Running 10s test @ http://127.0.0.1:3000 1 threads and 50 connections Thread Stats Avg Stdev Max + /-Stdev Latency 275.05us 69.81us 1.09ms 73.57% Req/Sec 153.17k 10.68k 171.51k 71.00% 1522671 requests in 10.00s, 127.79MB read Requests/sec: 152258.70 Transfer/sec: 12.78MB

At present, the Hyper benchmark is more referential than TechEmpower, so from the results, we are very excited that the Tokio scheduler has been able to hit such performance rankings.

Another impressive result is that Tonic, the popular gRPC client / server framework, achieved more than 10% performance improvement, even without specific optimizations made by Tonic itself!

Thank you for your reading, the above is the content of "what is Rust asynchronous programming". After the study of this article, I believe you have a deeper understanding of what Rust asynchronous programming is, and the specific use needs to be verified in practice. Here is, the editor will push for you more related knowledge points of the article, welcome to follow!
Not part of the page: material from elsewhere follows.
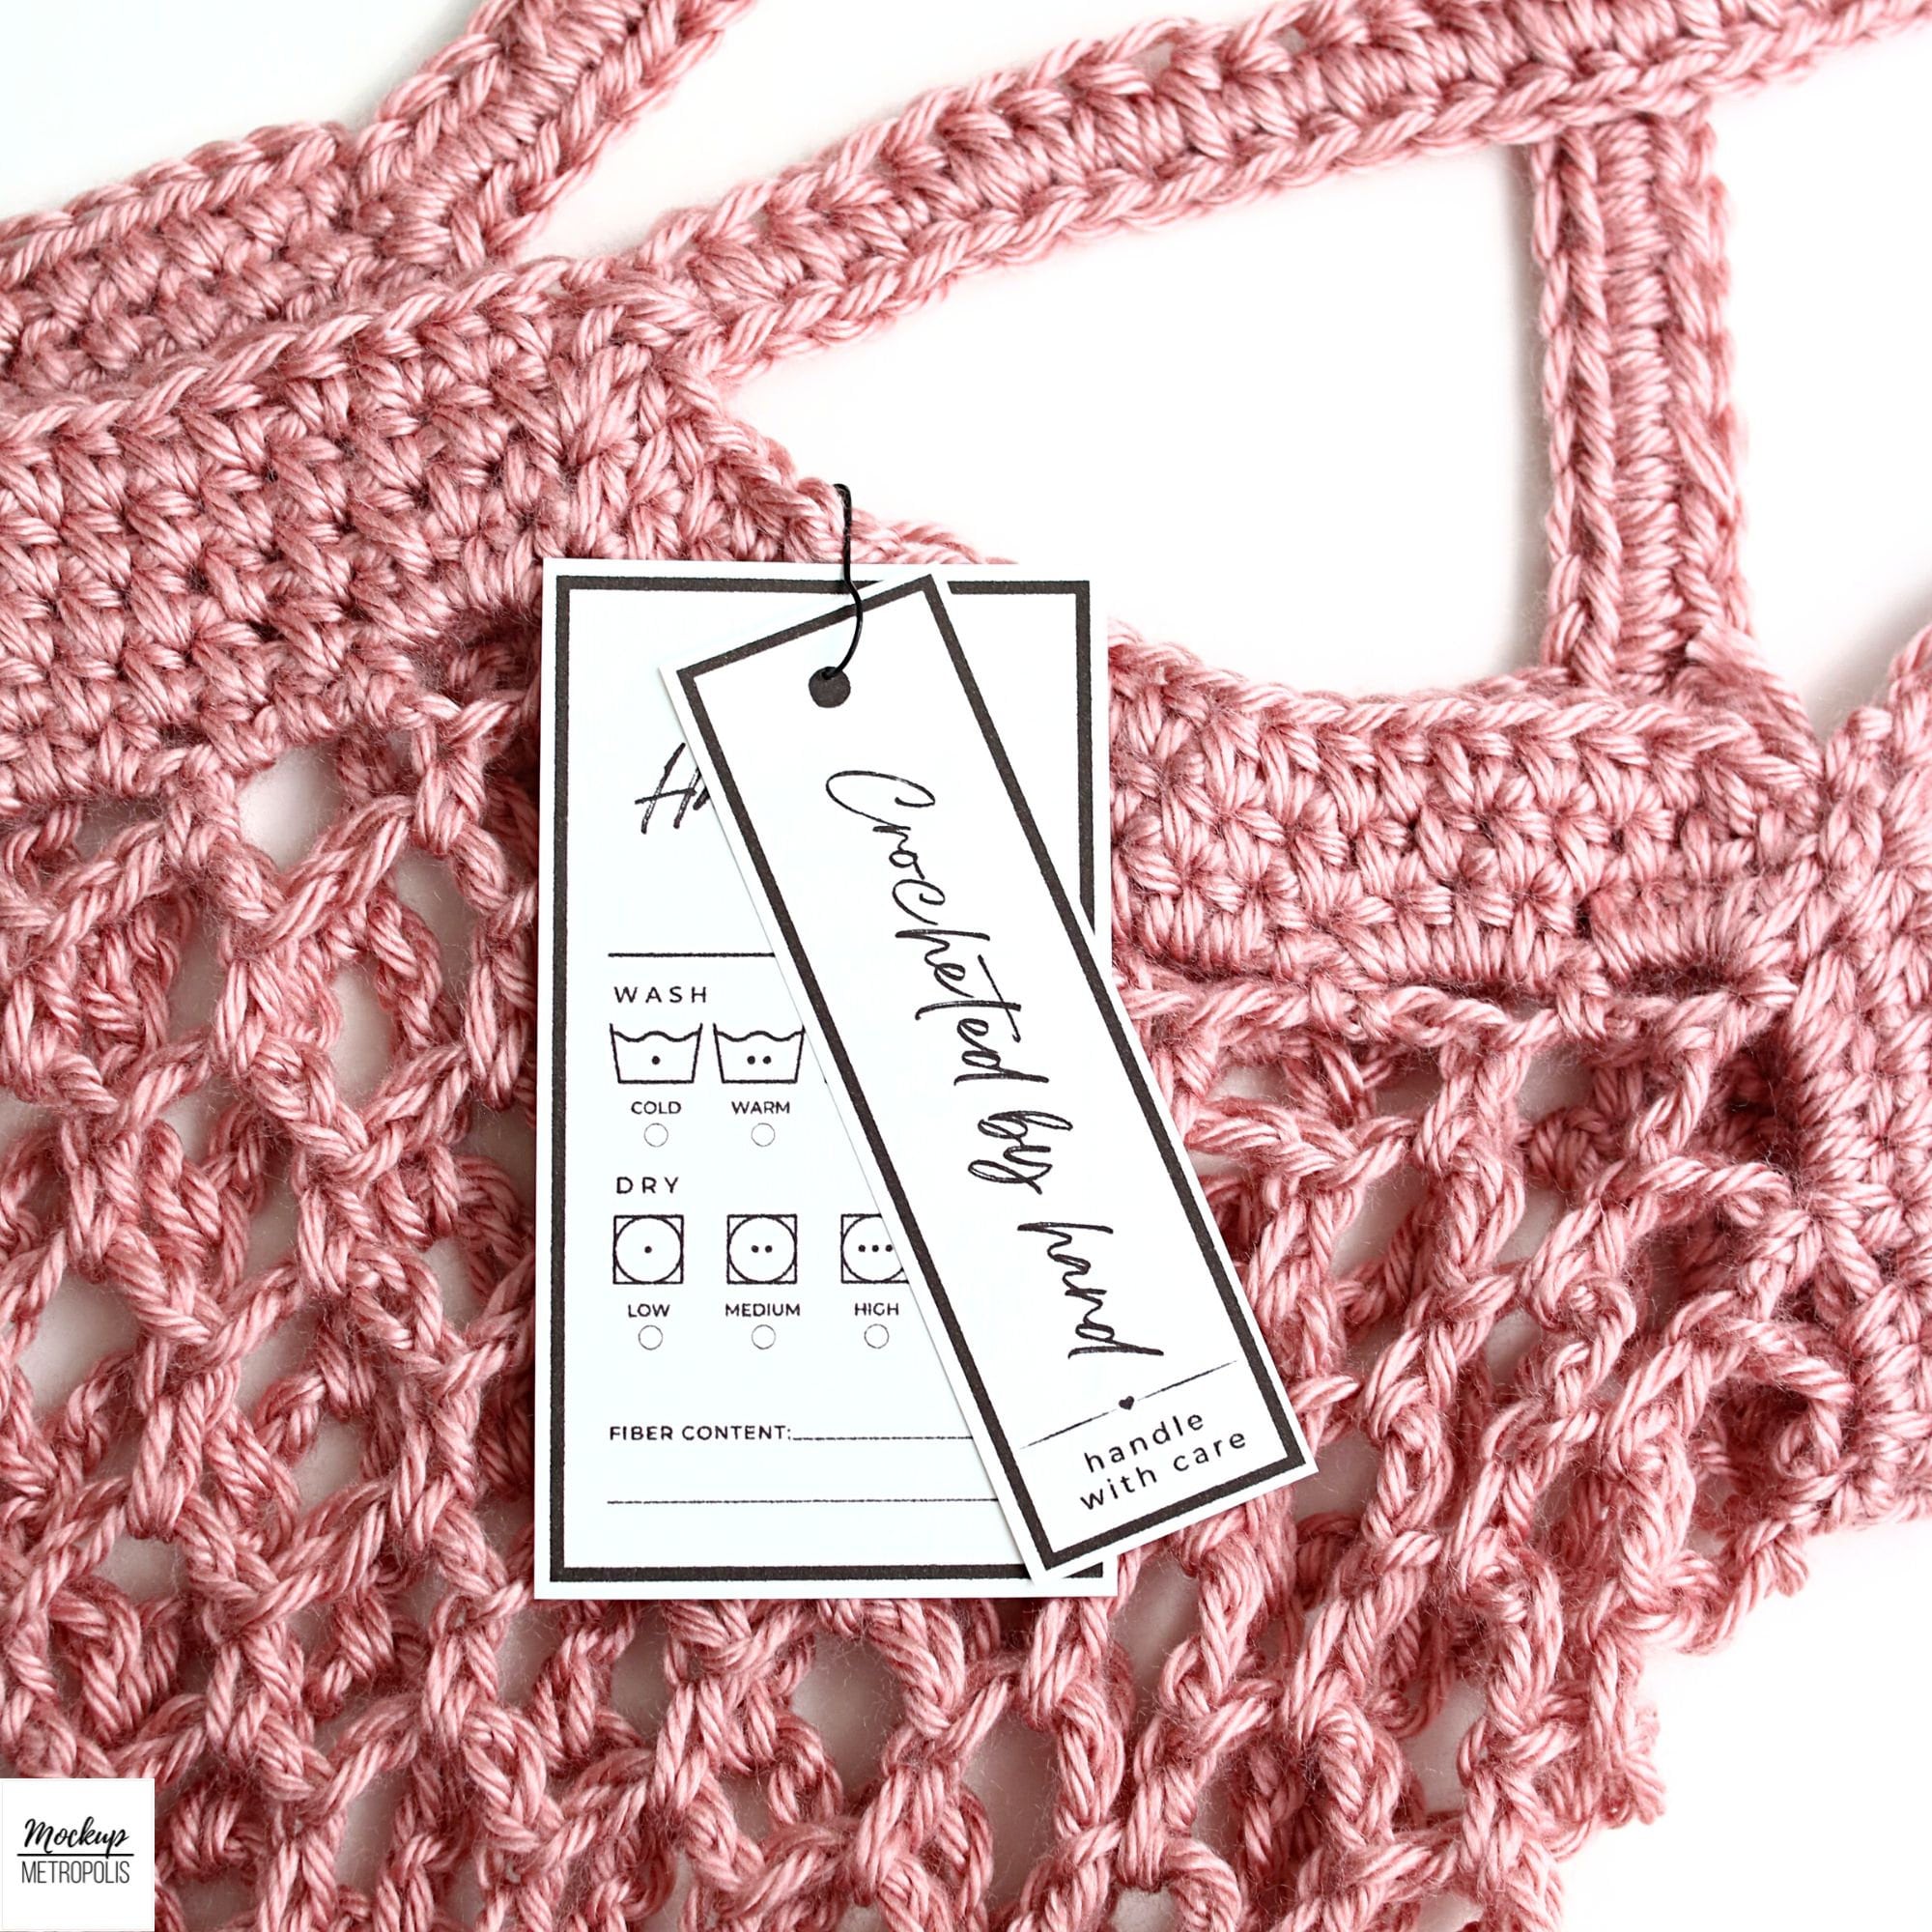 Tag for Handmade Item, Custom Leather Label, Handmade Crochet Tag, Cra –  Henry Design Studio

Welcome to subscribe "Shulou Technology Information " to get latest news, interesting things and hot topics in the IT industry, and controls the hottest and latest Internet news, technology news and IT industry trends.

*The comments in the above article only represent the author's personal views and do not represent the views and positions of this website. If you have more insights, please feel free to contribute and share.